The paper is really nice and maps a major effect allele underlie losses in (gill and ventral) pigment in a fresh water population to the KITLG gene. This gene is known to effect skin pigmentation (along with spatial learning) in mice. The really great thing about the paper is they also find that the gene affects skin colour in humans. The authors use admixture mapping in African Americans to show that the gene has a sizable affect on the difference in skin pigmentation between Africans and Europeans (and presumably East Asians). The gene has a strong signal of a sweep in East Asians and Europeans. This is another great example of how a small set of genes seem time and time again to be the target of selection for changes in pigmentation.

I have a couple of comments on the paper, a number of these are acknowledged by the authors but i thought I would highlight them here.

The KITLG gene is expressed at different levels in the ocean and fresh water populations. This difference in KITLG expression level is controlled in cis (as allele specific the rt-PCR in F1 hybrids between the ocean and freshwater population reveals that the expression of the allele corresponding to the ocean population is lower than the allele corresponding to the fresh water population).

The authors suggest that the change at the KITLG gene in humans is also regulatory. But this seems somewhat speculative. The SNP they use for admixture mapping is in a conserved element. However, admixture mapping (unlike association mapping) can usually only narrow a signal down to a pretty broad region, as it relies upon recombination events in the 10's of generations since Africans arrived in America. Thus it is unlikely that the authors can be sure that changes within the gene are not responsible for the affect on pigmentation.

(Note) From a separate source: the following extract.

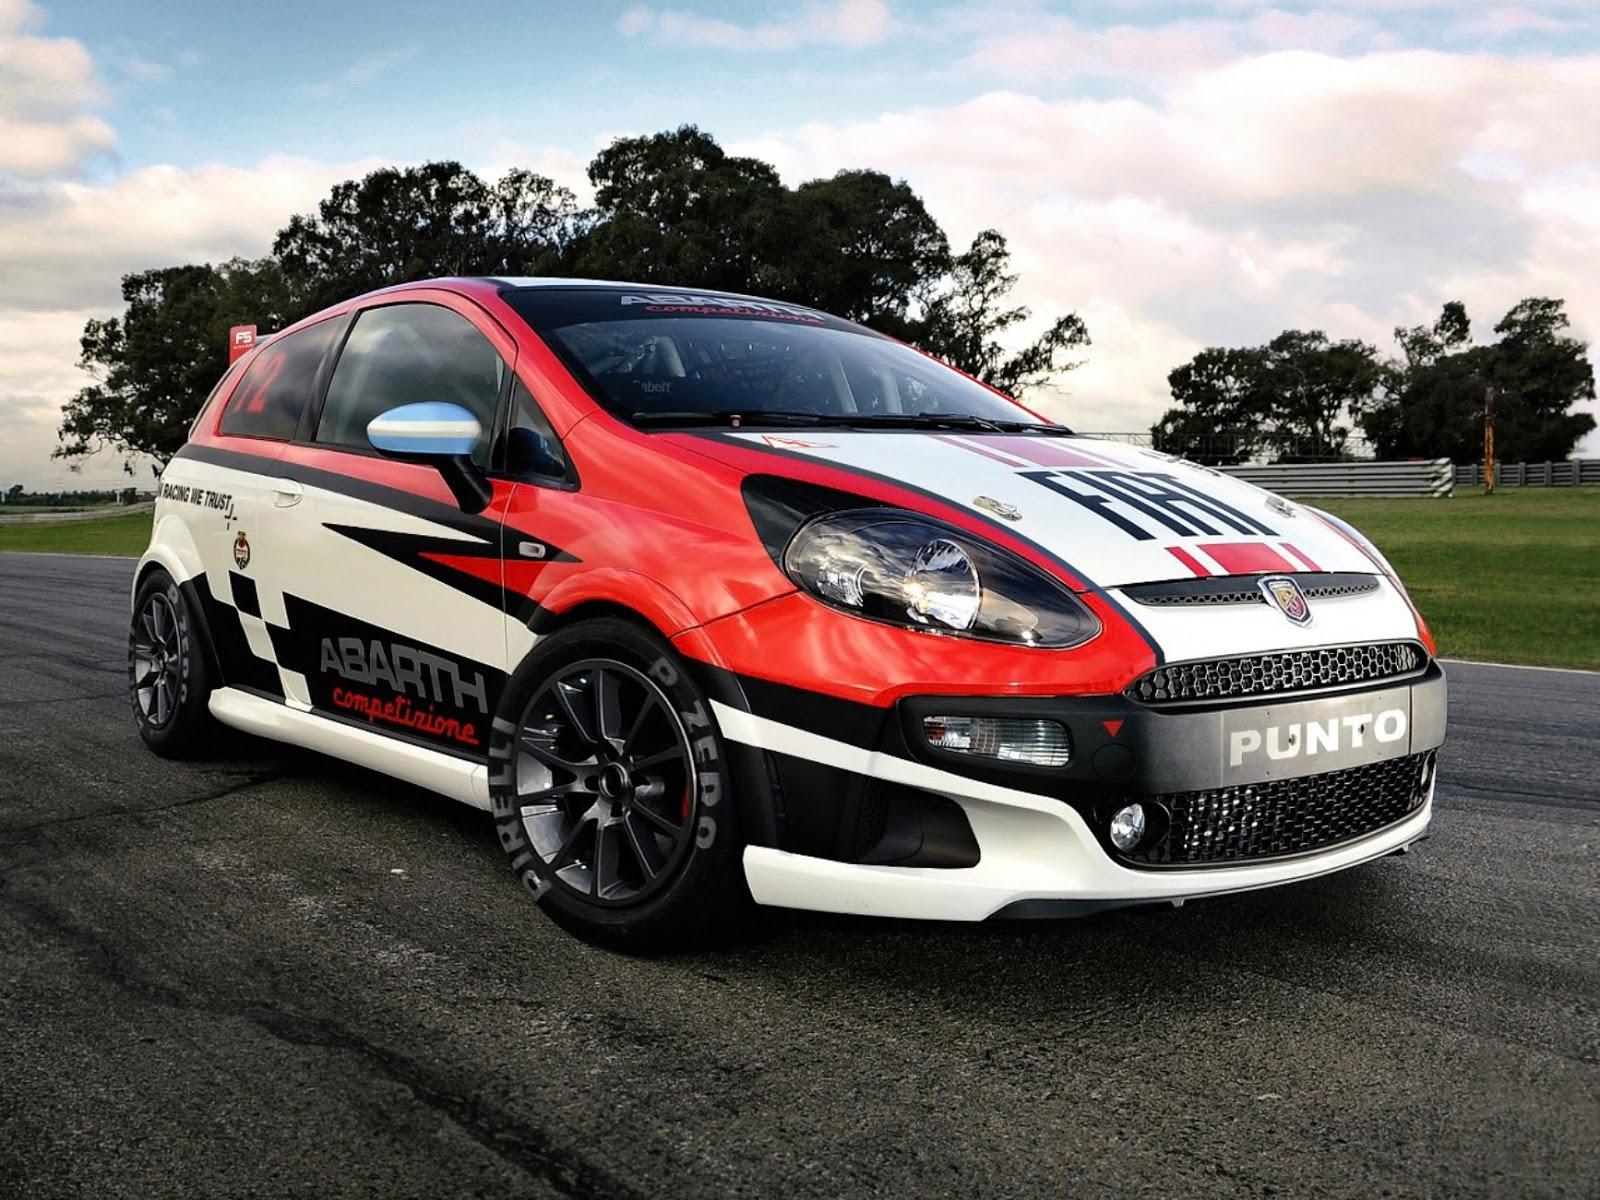 2012 Fiat Punto Abarth

Also I felt that the authors were slightly quick to rule out coding changes in the stickleback KITLG underlying functional divergence. Obviously the expression level has changed, but that does not mean that change is automatically functional. The change in expression is not complete reduction of expression, so it is unclear how the protein levels are affected. The marine and freshwater fish are also different at 2 amino acid sites within the KITLG gene. The authors argue that these sites are not strong candidates for functional changes as they occur at non-conserved sites. But I find that this contrasts with the authors' views that regulatory evolution is a common path for genes with high pleiotropic effects because 'only mutations that may be compatible with viability and fitness may be regulatory mutations'. But the KITLG protein sequences of the freshwater and ocean stickleback do differ, and these changes (perhaps in combination with the regulatory changes) might underlie the changes in pigmentation. It seems slightly premature to suggest that this gene is a solid case for regulatory evolution (and the authors do acknowledge that).

Also the authors' own data suggests that this regulatory change in stickleback appears to have pleiotropic effects. The change in KITLG expression level in freshwater stickleback lowers expression in the gills (and the ventral skin) but also ups transcription in the brain. While the change in regulation in multiple tissues could be the result of multiple mutations, a parsimonious explanation is that a change to a single cis regulatory module causes these changes in different tissues. Thus while it is appealing that cis regulatory modules free up gene expression from the pleiotropy that coding changes might suffer, it is premature to conclude that such changes are easier to select upon than coding changes (especially as the gene in question has coding changes).

As I say I really like the paper, but felt that it slightly oversells the regulatory evolution aspect, which is interesting in light of the recent debate on the evidence for regulatory evolution (see here ).

Miller CT, Beleza S, Pollen AA, Schluter D, Kittles RA, Shriver MD, Kingsley DM.
cis-Regulatory changes in Kit ligand expression and parallel evolution of pigmentation in sticklebacks and humans.